İşte ben de onlardanım. Herhalde bu yüzdendir ki, evlenip ana baba evinden ayrıldıktan sonra oturduğum ev kira da olsa “benim” diyorum, “evim” diyorum, “kalem” belliyorum.
“Nasılsa benim değil, geçici” diyemiyorum, ruhum siniyor en uzak köşesine bile.
İşte bu yüzden, eşimle dört yıl boyunca yaşadığımız Moda’daki evimizin sahibinden “kentsel dönüşüm sebebiyle yıkılıyor” haberini aldığımızda küçük çocuklar gibi huysuzlandım.
“Banane, çıkmıycam, çıkmıycam işte, ben çok seviyorum evimi, bana ne, gitsinler başka apartmanları yapsınlar” diye olduğum yerde tepindim.
Gerekirse inşaat makinelerinin önüne yatar, kepçenin üzerine biner, “Bana ne, çok önemli hatıralarım var bu evde yıktırmam kardeşim derim” dedim.
Kapitalizm çalıyor ama çalışıyor kardeşim (!)
Duygusal sebeplerden saçmalama evresini geçtikten sonra ev aramaya başladık. Gözünü sevdiğim kapitalizm kanunları tıkır tıkır işlediği için şöyle bir durum olmuş:
Kadıköy’de birçok apartman kentsel dönüşüm yüzünden yıkıldığı için yıkılan binalardan çıkan yüzlerce insan kiralık ev arayışına girmiş.
Bu da kiralık ev fiyatlarının fırlamasına sebep olmuş. Uçuk fiyatlara eski, bakımsız evler gösteriyor emlakçılar.
“Nasılsa talep çok, bir şekilde tutulur” diyor, olmayacak evlere olmayacak fiyatlar söylüyorlar.
Zaten ev kiralarını müteahhitler ödediği için, yıkılacak apartmandan çıkanlar biraz da üzerine kendileri koyuyor ve zorlanmadan karşılayabileceklerinden fazla kirası olan bir evde oturabiliyorlar.
Bu da elbette emlakçılara ve evini rayicinden kat kat fazla fiyata veren fırsatçıların işine yarıyor.
Uzun ve umutsuz bir ev arama sürecinin sonunda nihayet bir arkadaşımız, (o dönem yasaklı olan) Twitter üzerinden yaptığım “Ev arıyoruz eeeev” feryadına yanıt verdi ve kiralamayı düşündükleri evi önerdi.

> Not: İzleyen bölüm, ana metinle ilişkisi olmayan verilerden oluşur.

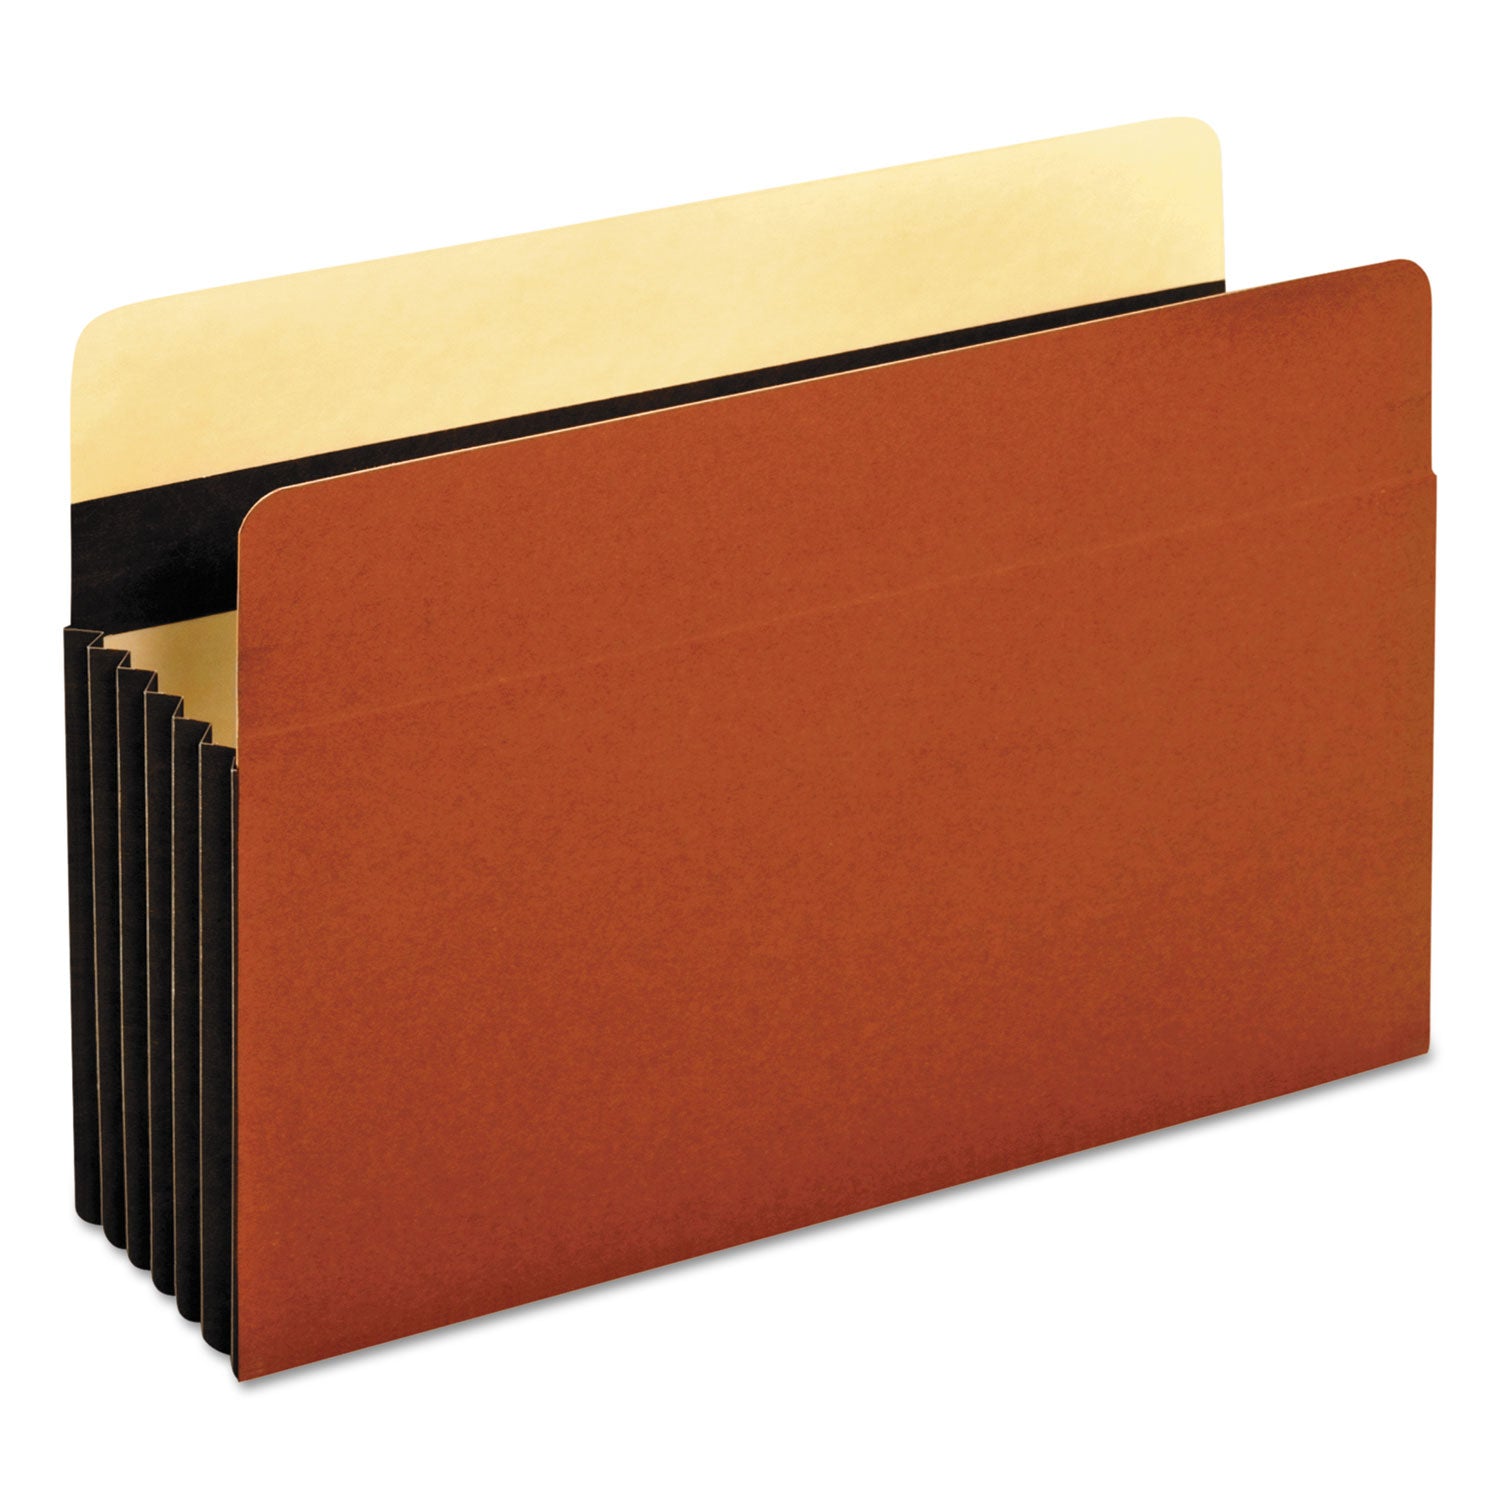 heavy-duty-file-pockets-525-expansion-legal-size-redrope-10-box_pfxc1536ghd - 1

Valla bu Twitter vergi mergi vermediği için devletimiz pek sevmiyor ama temel bir ihtiyaç olan barınma ihtiyacımızı karşılamamıza yaradı.
Şu durumda “Çok yaşa sen Twitter” demeyeyim de ne diyeyim sevgili iletişim imkanları kısıtlanan ve rant yoksa her şeyin önüne engel koyan devletimin vatandaşı Habitus okuru?
Ha, bir de... Bugün benim doğum günüm. Yeni evimizde, “alkol” olduğu için fiyatı üzerine aşırı vergi bindirilmiş güzel bir kırmızı şarap açıp “Hoşgeldik” merasimi yapacak, bir yandan da yeni yaşımı kutlayacağız. Gündemden uzak kalıp nefes almak ne güzelmiş arkadaş!